▶ [Collected material]
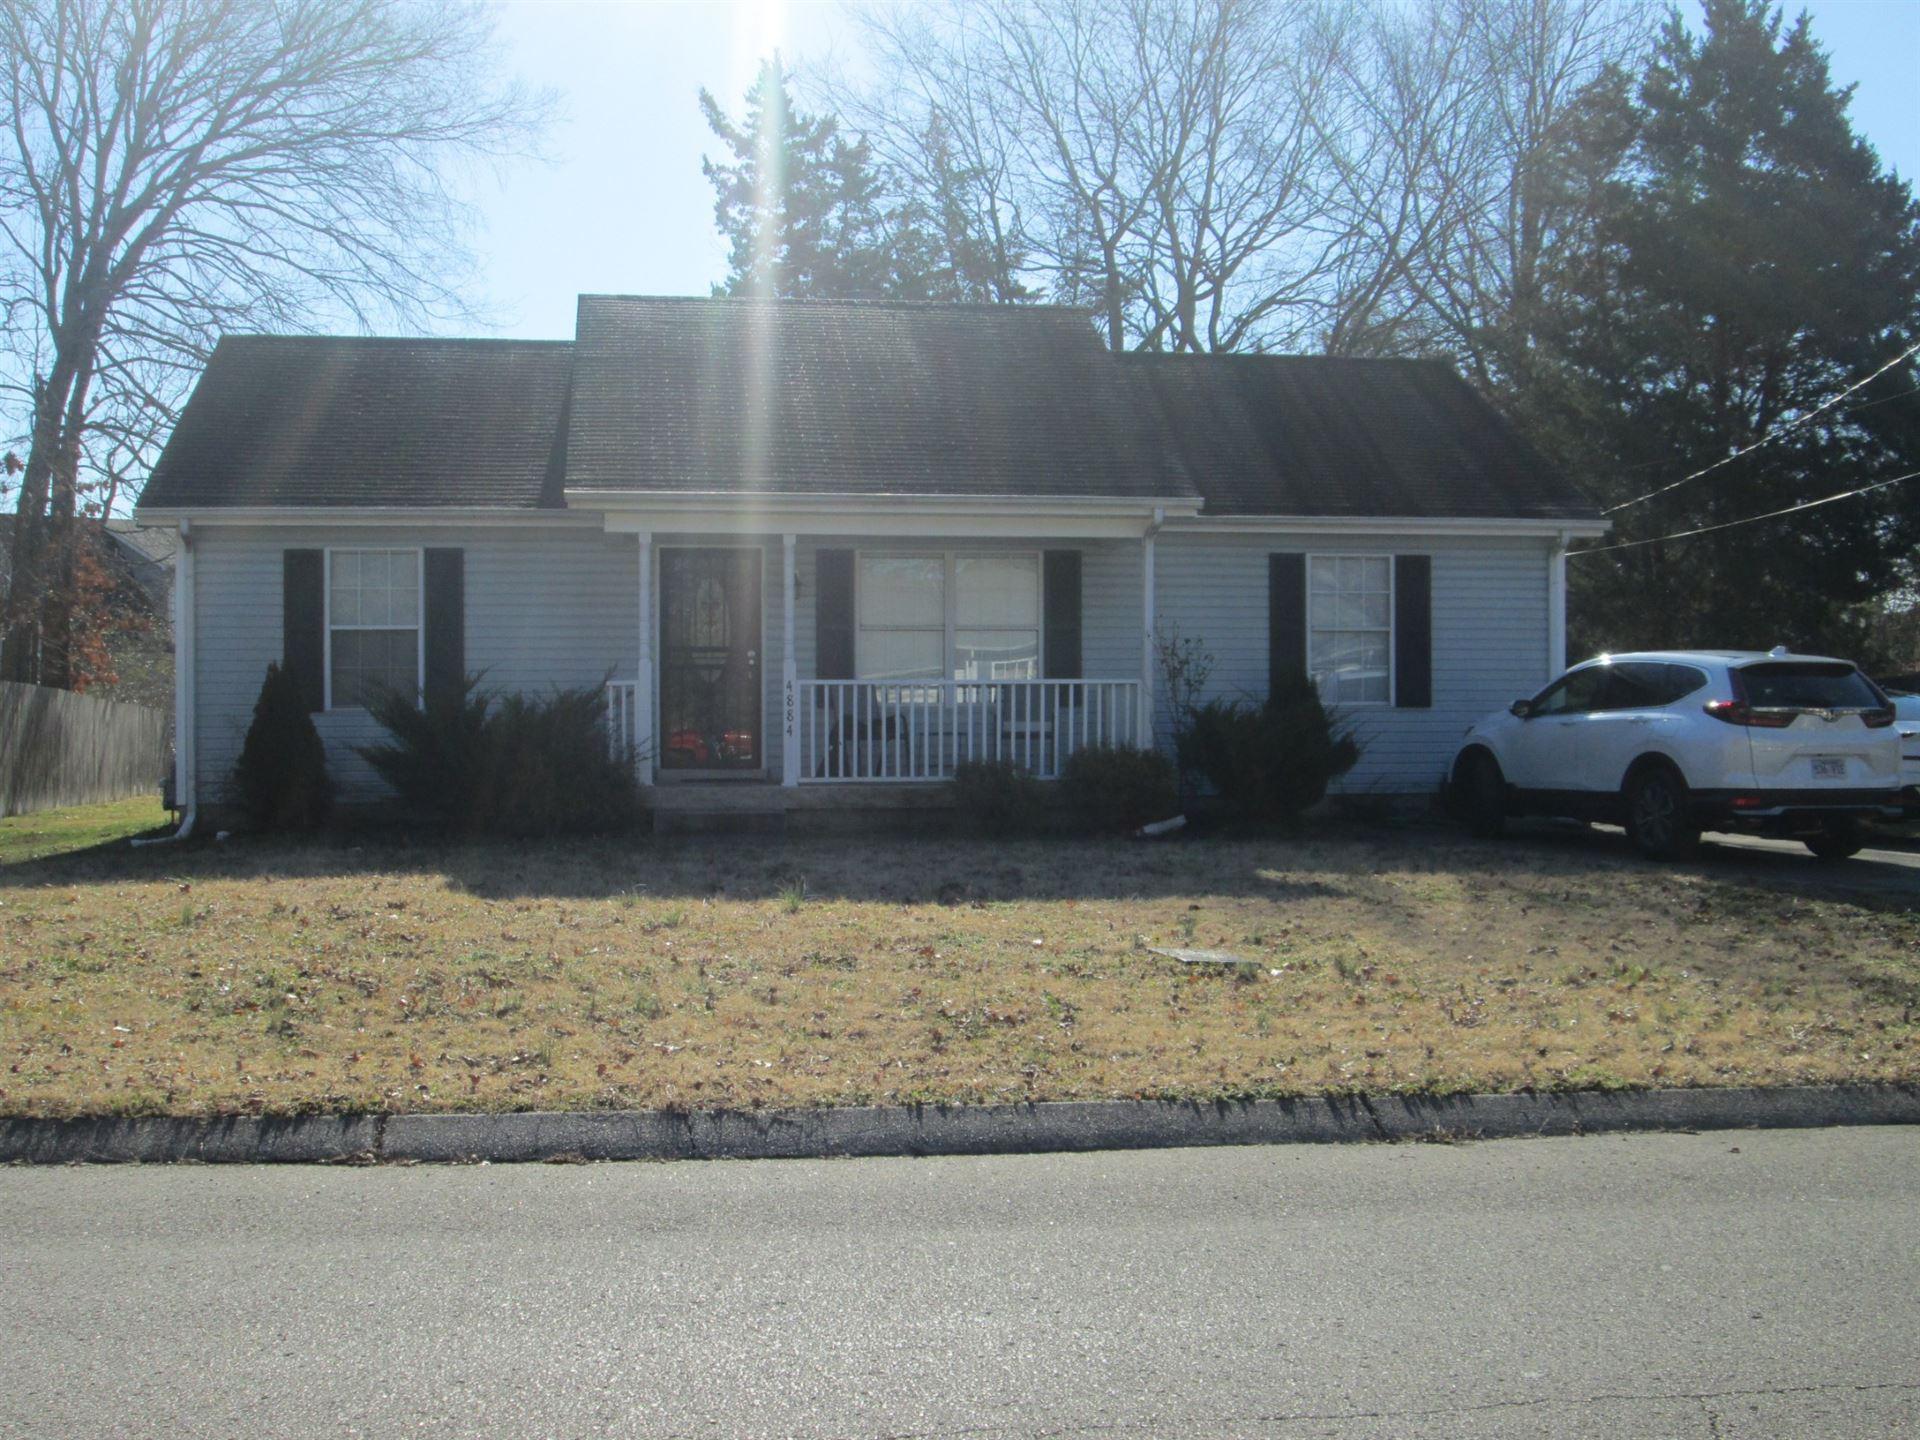 4884 Peppertree Dr, Antioch, TN 37013 - MLS#: 2222815
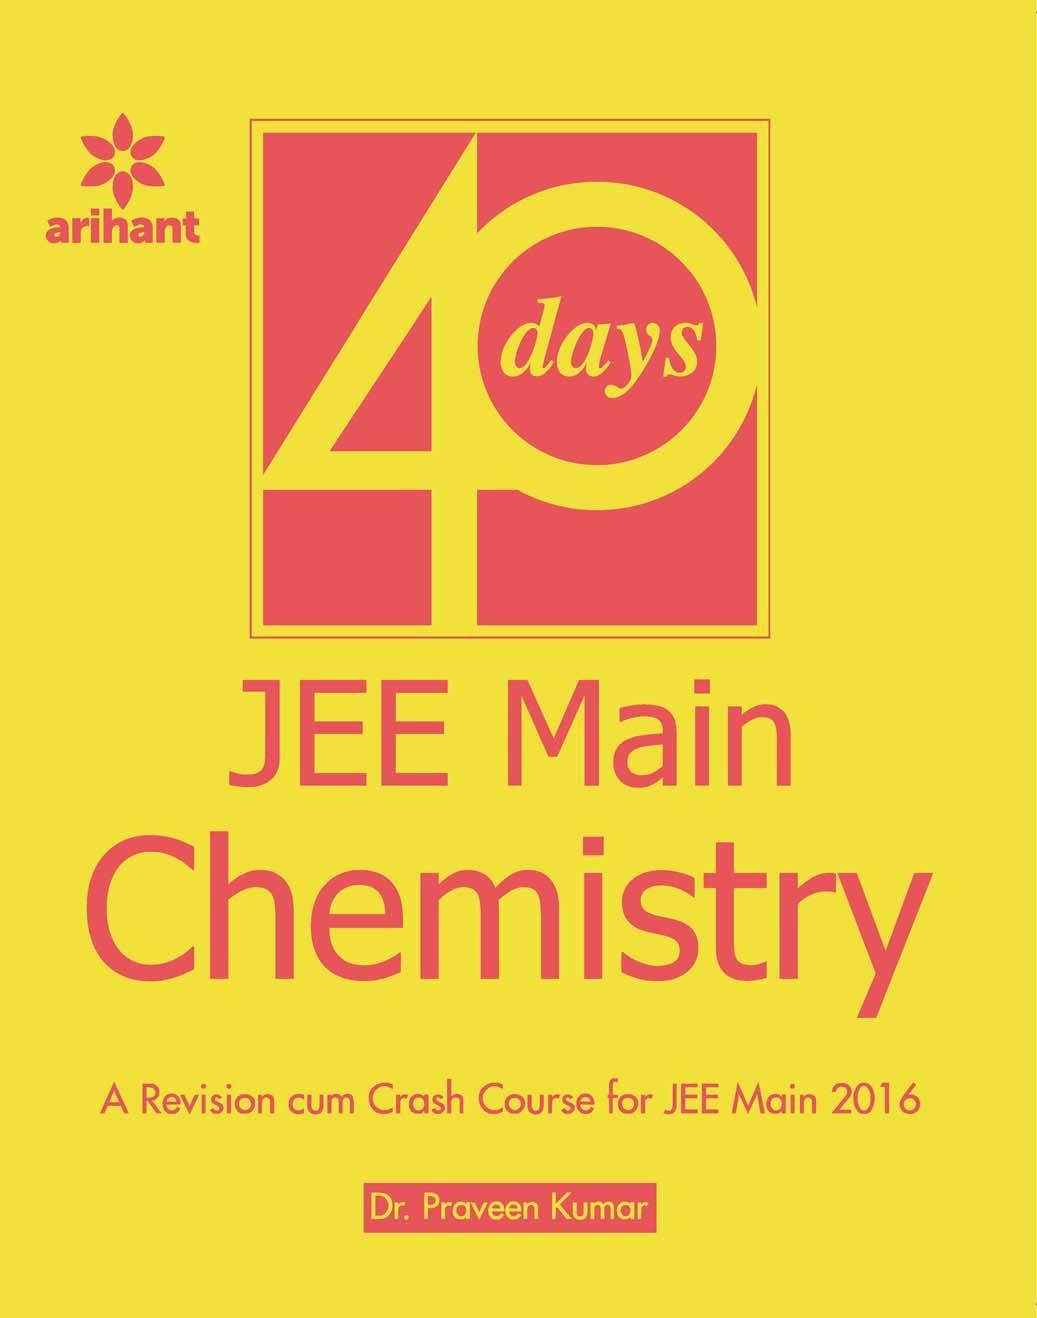 JEE Main CHEMSISTRY in 40 Days pdf
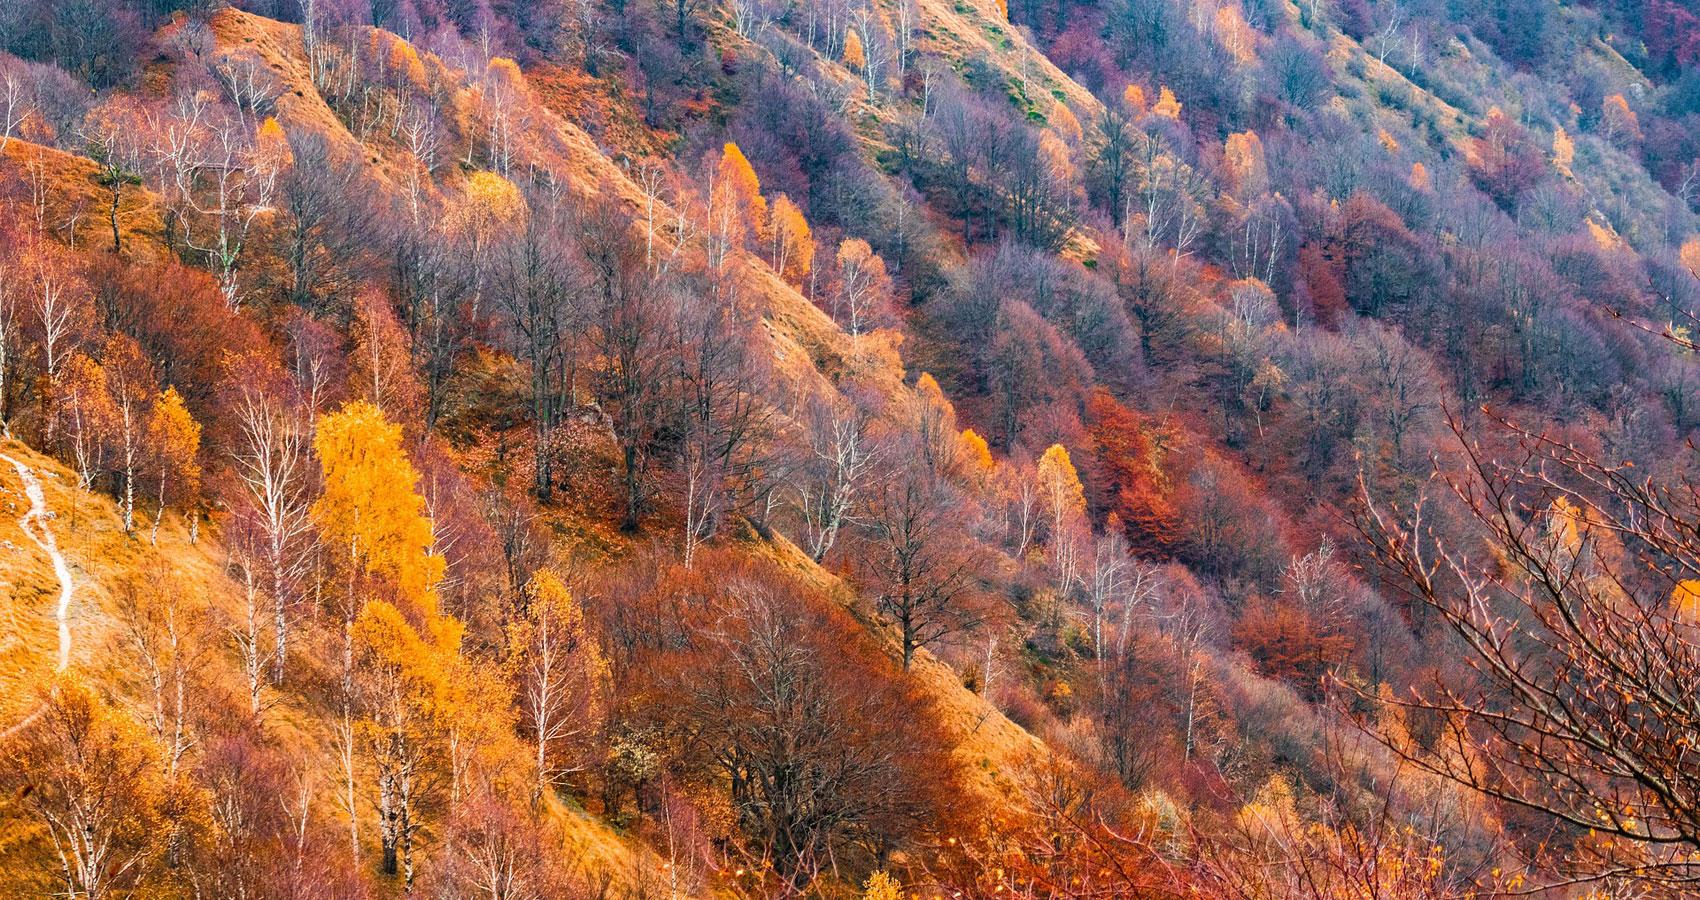 Autumn Moment written by Annalia Fioreat Spillwords.com

▶ [Problem requirements] The line containing "JEE Main CHEMSISTRY in 40 Days pdf" and every line after it, up to the last line of the data, should be returned exactly, without the pictures.

▶ [Solution]
 JEE Main CHEMSISTRY in 40 Days pdf
 Autumn Moment written by Annalia Fioreat Spillwords.com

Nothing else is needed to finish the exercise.